PS. Update: This article in the Economist predicted the possible destruction in Timbuktu last year.
PPS. New updates:
- Some hopeful news coming out of Mali. There will still be a huge loss but maybe some of the most valued items are safe. We will see.
- British Library press release on the situation.
- Dan Howden in the Independent 30th January 2013:
And yet little has shocked the previously tolerant population as much as the violent assault on their multicultural history. Elhadj Djitteye, a resident who once made a living from guiding foreign visitors through the city’s great mausoleums recalled the confusion caused by the militants’ alien doctrine: “Many great powers like the Moroccans have dominated this city but these were the first people to tell us that our saints were blasphemy...They tried to break the heart of Timbuktu.”

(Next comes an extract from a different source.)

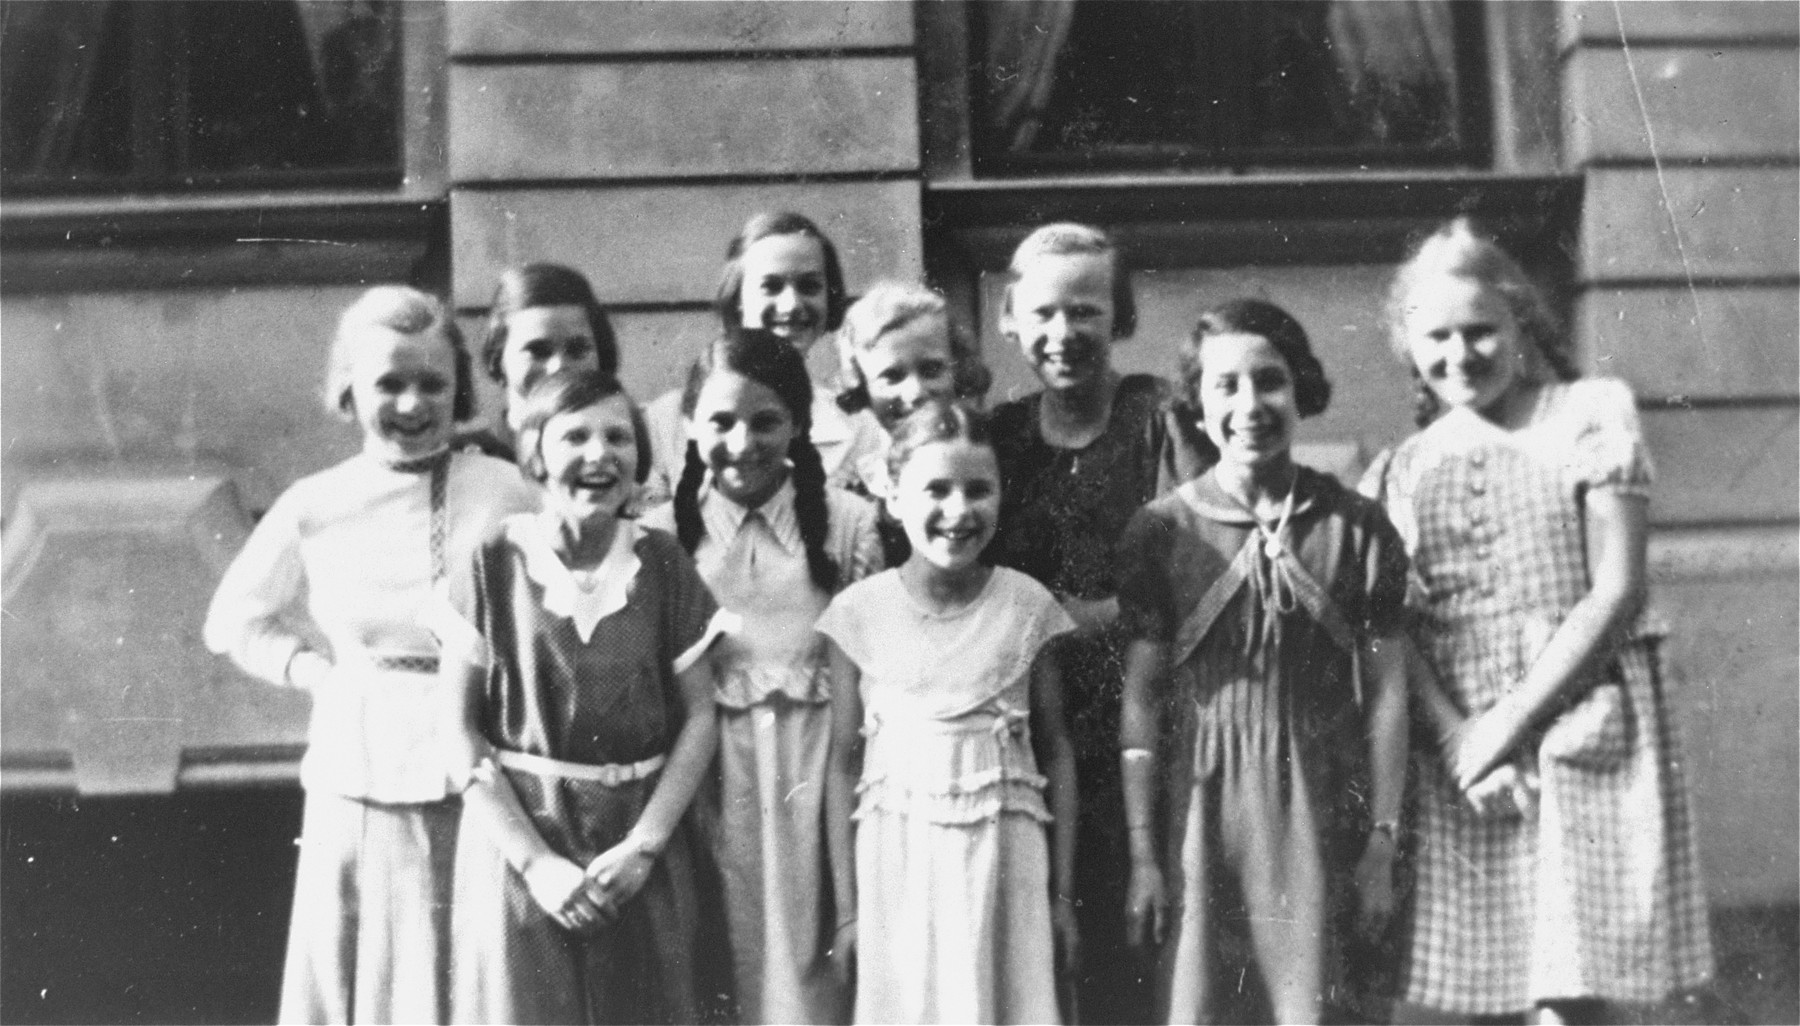 Group portrait of Jewish girls in Leipzig, Germany.

Among those pictured is Berta Rosenhein Hertz.

- Latest news from the Tombouctou Manuscripts Project (31st Jan 2013):
"By Monday night we finally managed to contact our colleague, Dr Mohamed Diagayeté, senior researcher at the Ahmad Baba Institue, now based in Bamako. He heard much the same reports that we heard. However, he added that the majority of the mss. of the Institute was still stored in the old building – opened in 1974 and on the other side of the town, from the new building. He told us that the latest news about the new building, as of eight days before the flight of the Ansar Dine, was that the building had not been destroyed. He said that around 10,000 mss had been stored in the new building since there was no more space for the mss in the old building. They were placed in trunks in the vaults of the new building. Upstairs, where the restoration was taking place and boxes were made there were only a few mss. After seeing Sky News footage, he says that the images were of the few mss upstairs waiting to be worked on by the conservators.
- However, by Tuesday morning, Dr. Mahmoud Zouber, Mali’s presidential aide on Islamic affairs and founding director of the Ahmad Baba Institute, told Time, that before the rebel take-over the manuscripts: “They were put in a very safe place. I can guarantee you. The manuscripts are in total security.”